Описание манипуляций :

1. Мочу собирают в стерильную баночку и доставляют в лабораторию. Берут среднюю порцию утренней мочи после тщательного туалета наружных мочеполовых органов. Моча поступает в регистратуру. Лаборант присваивает анализу номер и передаёт мочу на посев. Берём 2 мл. мочи, переносим в пробирку с 0.5 мл среды ТТХ и убираем в термостат. Через 2 часа вытаскиваем из термостата и смотрим на цвет, если цвет изменился на красный, появилась муть, следовательно, в моче имеются микроорганизмы. Для дальнейшего исследования ставим мочу на аппарат ROBOBAKT.На следующий день при появлении роста на питательных средах врач-бактериолог учитывает результаты.

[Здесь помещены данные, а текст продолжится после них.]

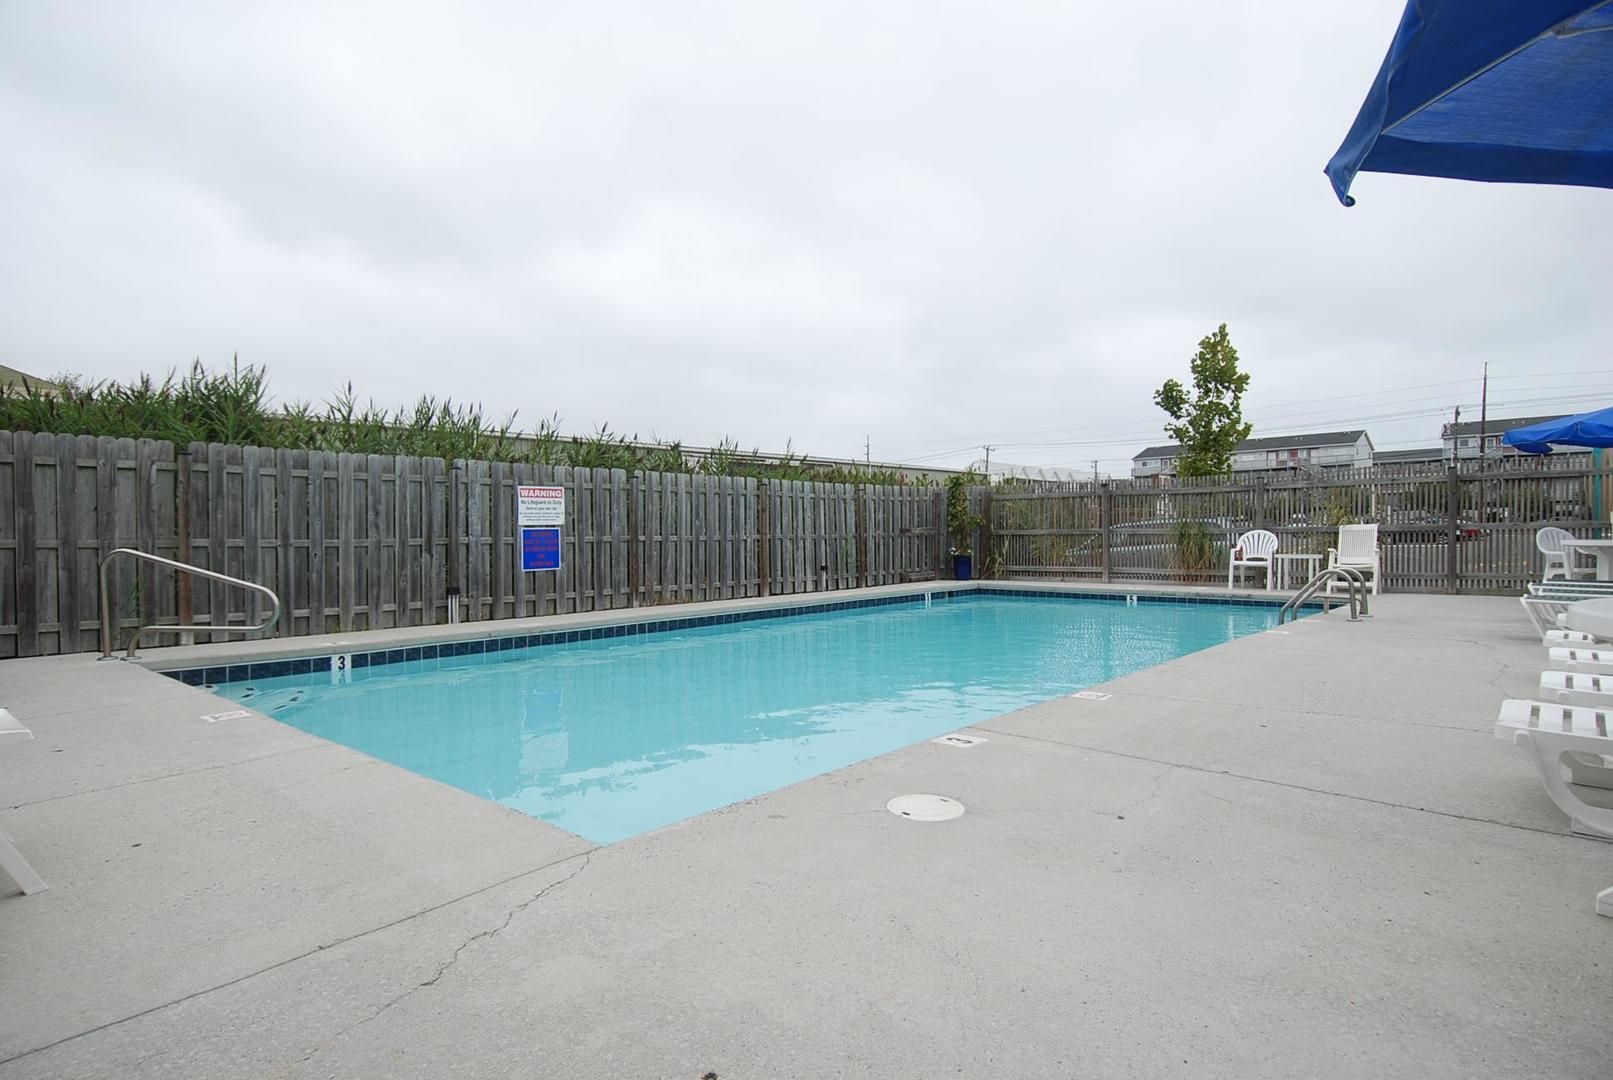 Maresol Outdoor Pool (open seasonally)

2.Мокрота доставляется в темной баночке с мелкими стеклами на дне для удобного эмульгирования. Вся работа ведется в маске, в перчатках и над пламенем горелки. Готовим чашки со средами:2-е кровяные, шоколадный агар, ЖСА, САБУРО (подписываем дату).Также готовим 5 пробирок с 2 % пептоной водой для разведений. Из 1-й пробирки выливаем пепт.воду во флакон с мокротой ,смешиваем. Затем из 1-го разведения 0.5 мл. переносим во 2-ю пробирку и т.д. до 5 го разведения. После этого из 5 го разведения переносим 0.1мл. на кровяной и шоколадный агар (втираем шпателем, на шоколадном агаре делаем кольцо со St.aureus). Из 3-го разведения по 0.1 мл. на кровяной агар (ставим антибиотик), ЖСА, Сабуро (подписываем дату). Шоколадный агар и кровяной агар с антибиотиком ставим в CO2 термостат, а остальные в простой термостат все на 24 часа.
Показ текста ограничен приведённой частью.